Welfare agencies hand out tents on the Atherton Tablelands as housing crises worsens

Most newcomers to Mareeba are enticed by wide open spaces and the promise of at least 300 sunny days a year but, like the rest of regional Australia, it too has a rental crisis.

For Guy Closset, the lure was the prospect of somewhere better to live than in a tent or beneath the condemned building of a disused school in Atherton.

“[My partner] was kicked out of where she was staying and I didn’t want her to be on the street by herself, so I ended up staying with her,” he said.

The couple had been in the Atherton Tablelands, which has one of the lowest rental vacancy rates in Queensland, at 0.2 per cent.

Mr Closset was already living precariously, having lost work when the pandemic broke out.

“I was staying with my mum but I was more couch surfing,” the experienced warehouseman and worker said.

“I was sleeping in the front room, you know, and then I met my partner.”

A crowded market

The move to Mareeba, a larger centre, has allowed Mr Closset and his pregnant partner to live more securely in a caravan at a tourist park, at a cost of $260 a week, while they search for a house.

But Mareeba’s rental vacancy rate is only marginally less tight – 0.3 per cent according to the Real Estate Institute of Queensland.

A man wearing a patterned shirt stands in front of a yard
Robert Larkin says it’s become increasingly difficult to find properties for those in need.(ABC Far North Queensland: Christopher Testa)
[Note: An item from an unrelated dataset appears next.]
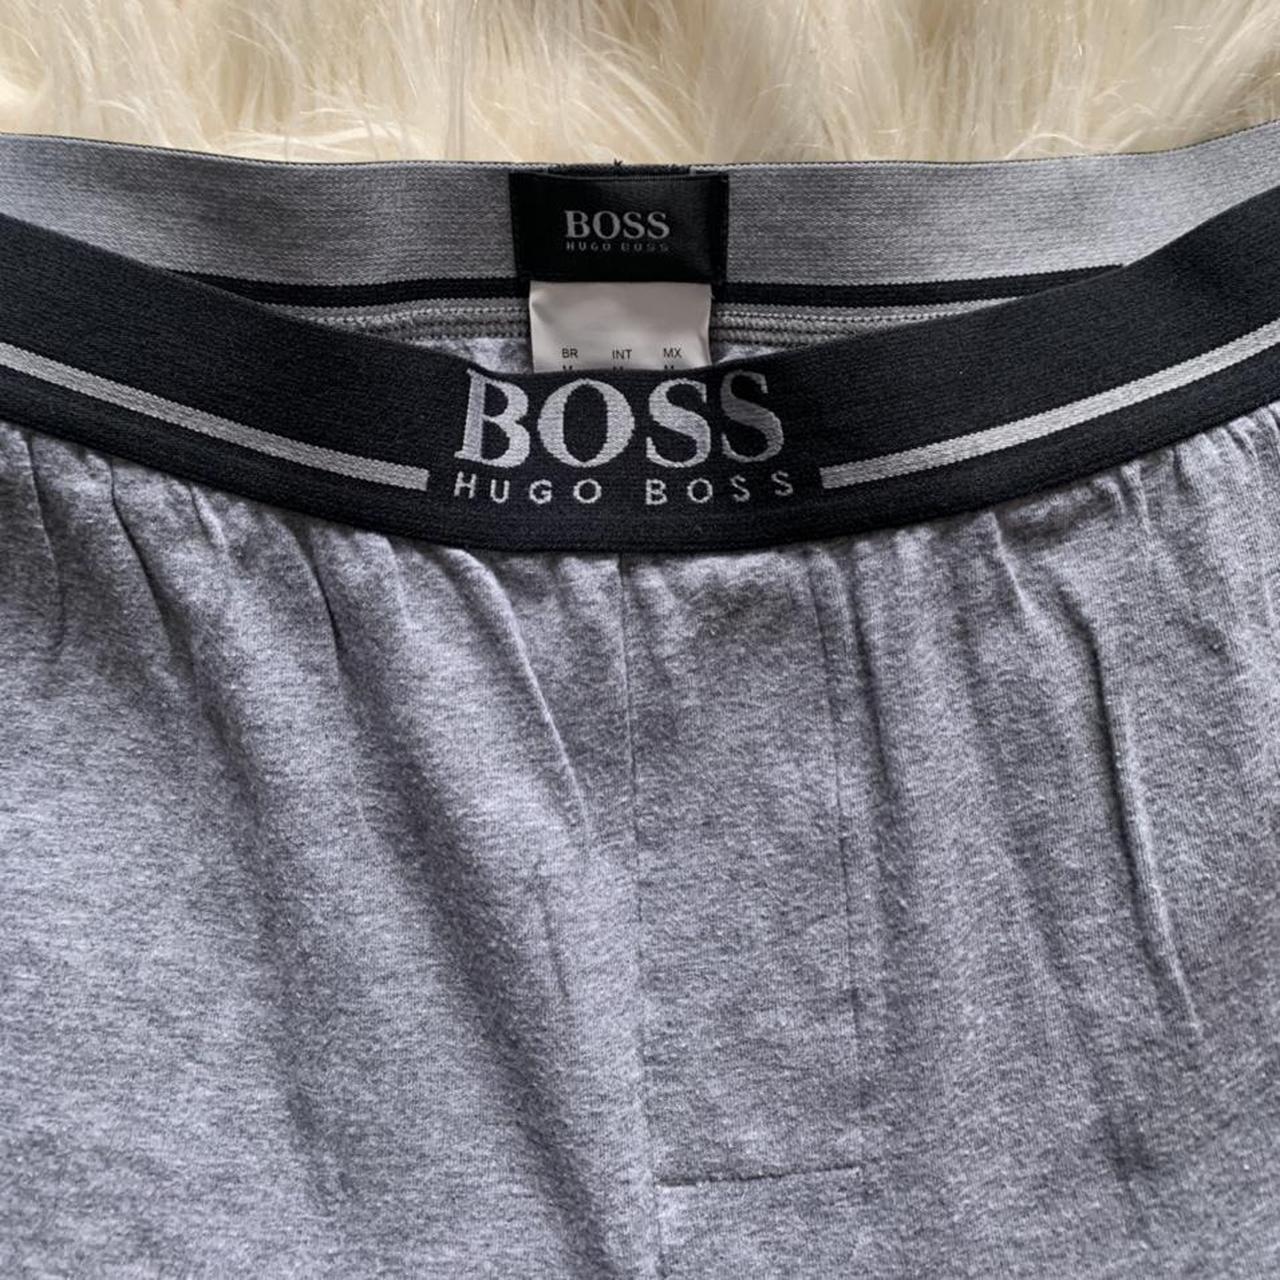 Hugo Boss men’s pyjama bottoms. Worn once.... - Depop

“A lot of properties that were rented are now being sold, and the new owners are living in them,” Robert Larkin of Mareeba Community Housing said.

Mr Larkin, a housing supervisor who works with those experiencing homelessness, said his organization had about 200 clients on his books at any one time.
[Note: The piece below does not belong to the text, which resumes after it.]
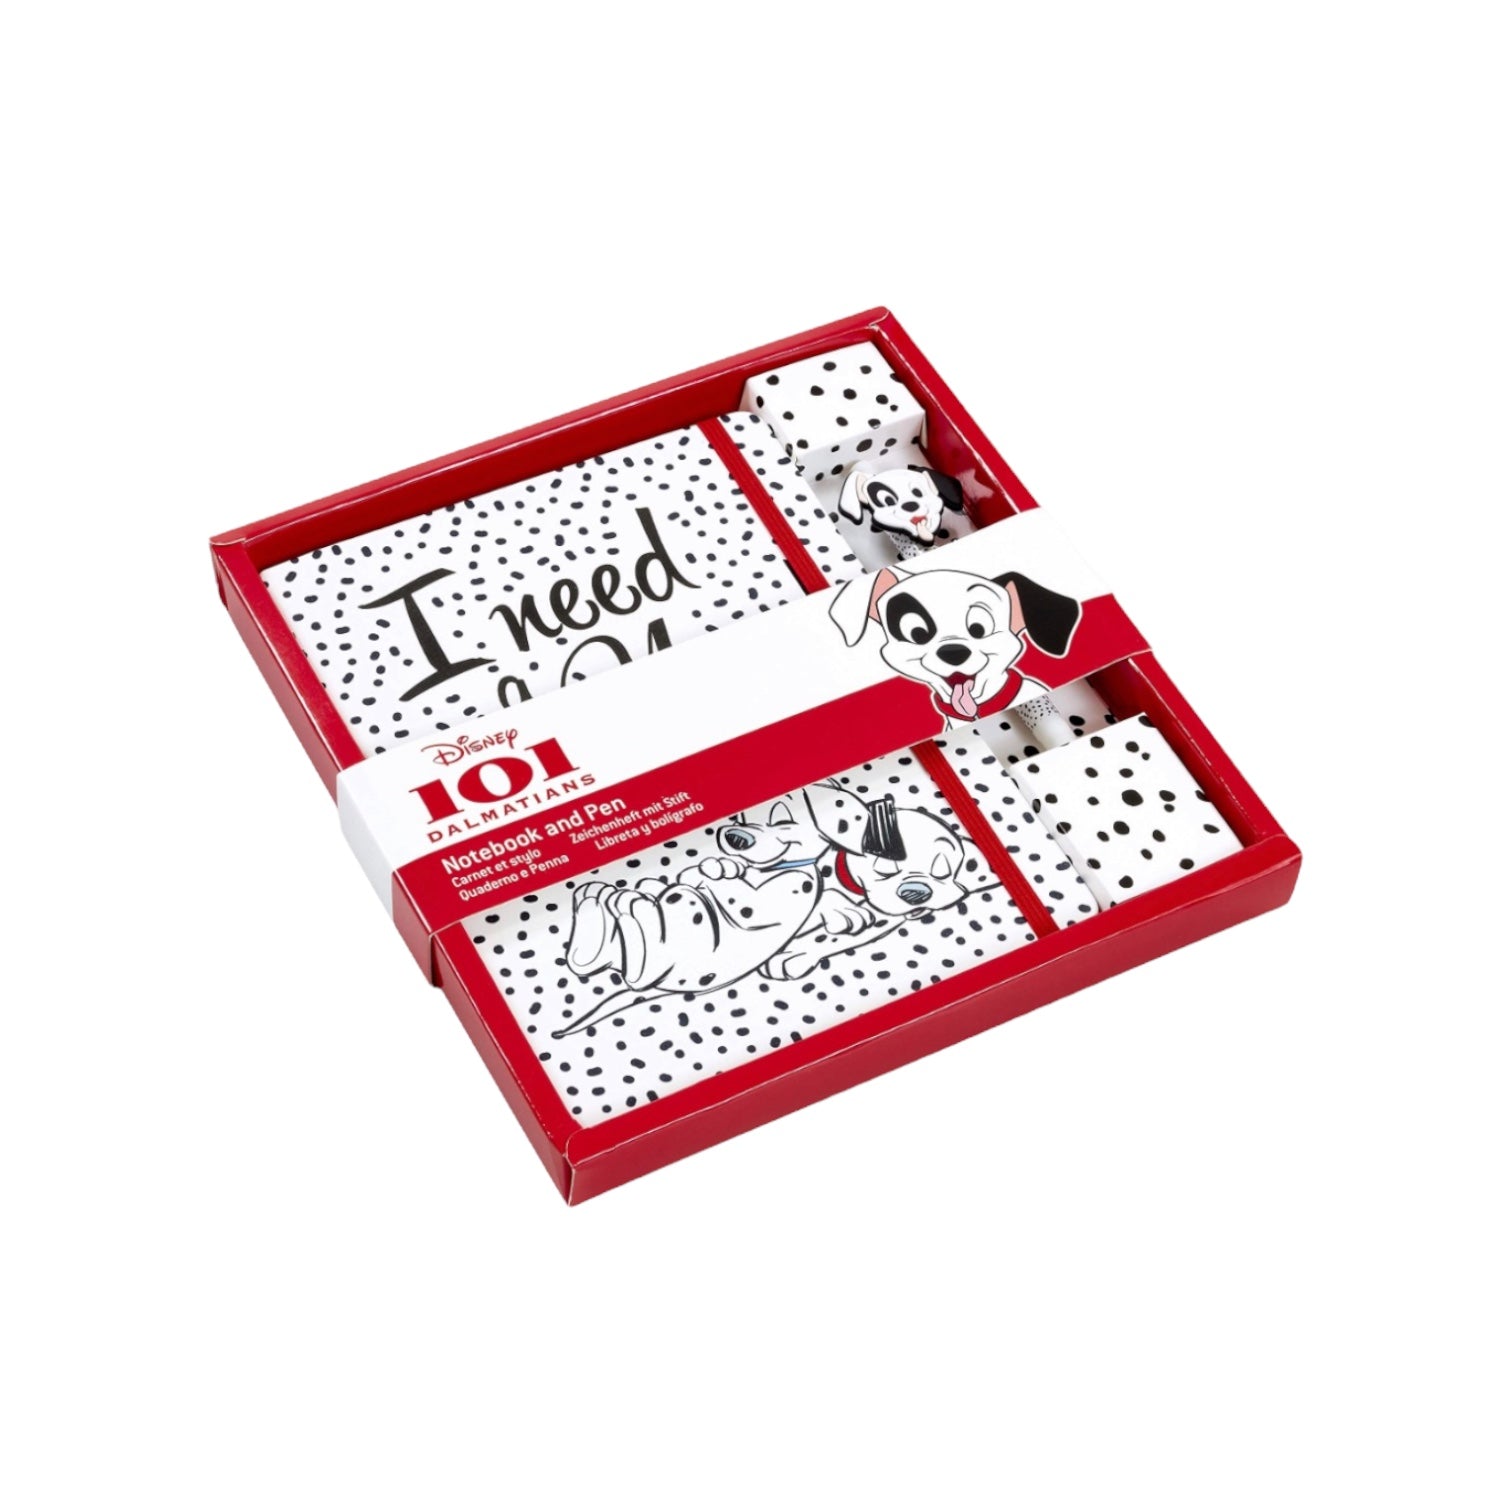 101 Dalmatians - I need a nap - Funko Notebook and Pen Set - Disney

He knew of one woman spending 60 per cent of her income on rent.

No emergency accommodation

The shortage of available rentals has made it harder for housing organizations to provide emergency shelter for those in need.
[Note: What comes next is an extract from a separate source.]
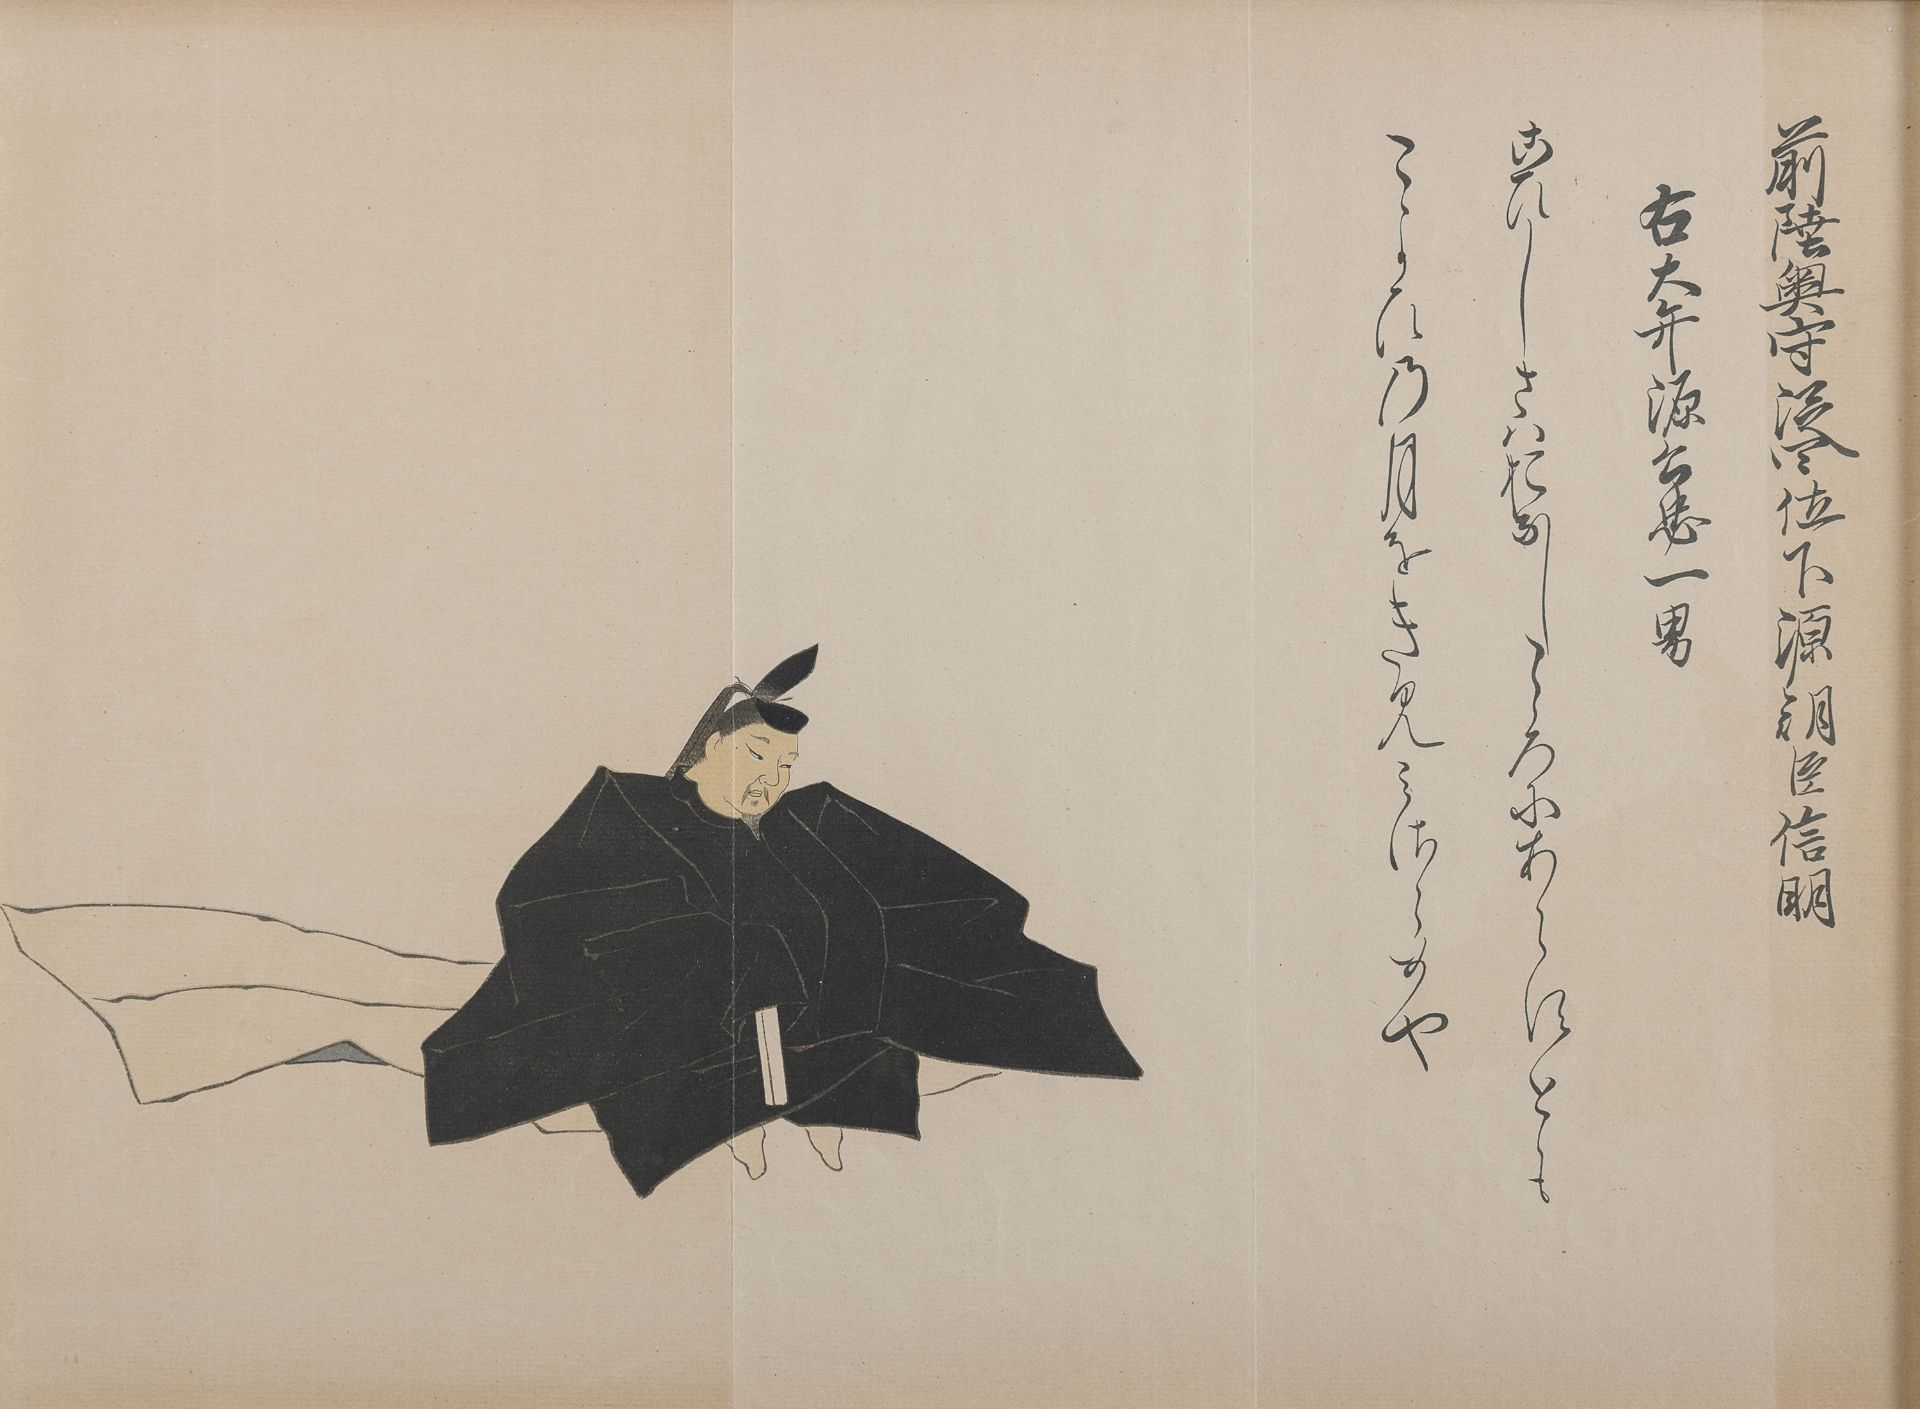 A JAPANESE RETOUCHED PRINT DEPICTING DAIMYO FUJIWARA 20TH CENTURY

Many have resorted to handing out tents to families with nowhere to go.

Miriam Newton-Gentle, ministry worker and leader of the Salvation Army on the Atherton Tablelands, said the lack of crisis options magnified the problem in the rural area.

“One of the big things is we have absolutely no emergency accommodation,” she said.

“We’ve got small hotels and motels but they can’t take people long term, so when people are rendered homeless, they are absolutely homeless.”

A blanket has been left beneath a wooden staircase of a Queenslander-style building
A camp set up beneath an abandoned building in Cairns.(ABC Far North Queensland: Brendan Mounter)

Mr Larkin said caravan parks were traditionally the “go-to” crisis accommodation of choice for providers in the Tablelands as they were an “easy transition for people who are sleeping rough”.

“But right now, caravan parks are full because we have a lot of travelers coming through with their own camper wagons and so there isn’t as much available,” he said.

“This is probably as tough as it’s been.”

A shortage of homes

The closest crisis accommodation to the Tablelands is in Cairns, just a short drive away.

But Far North Queensland’s largest center is battling the same problem and places are hard to come by.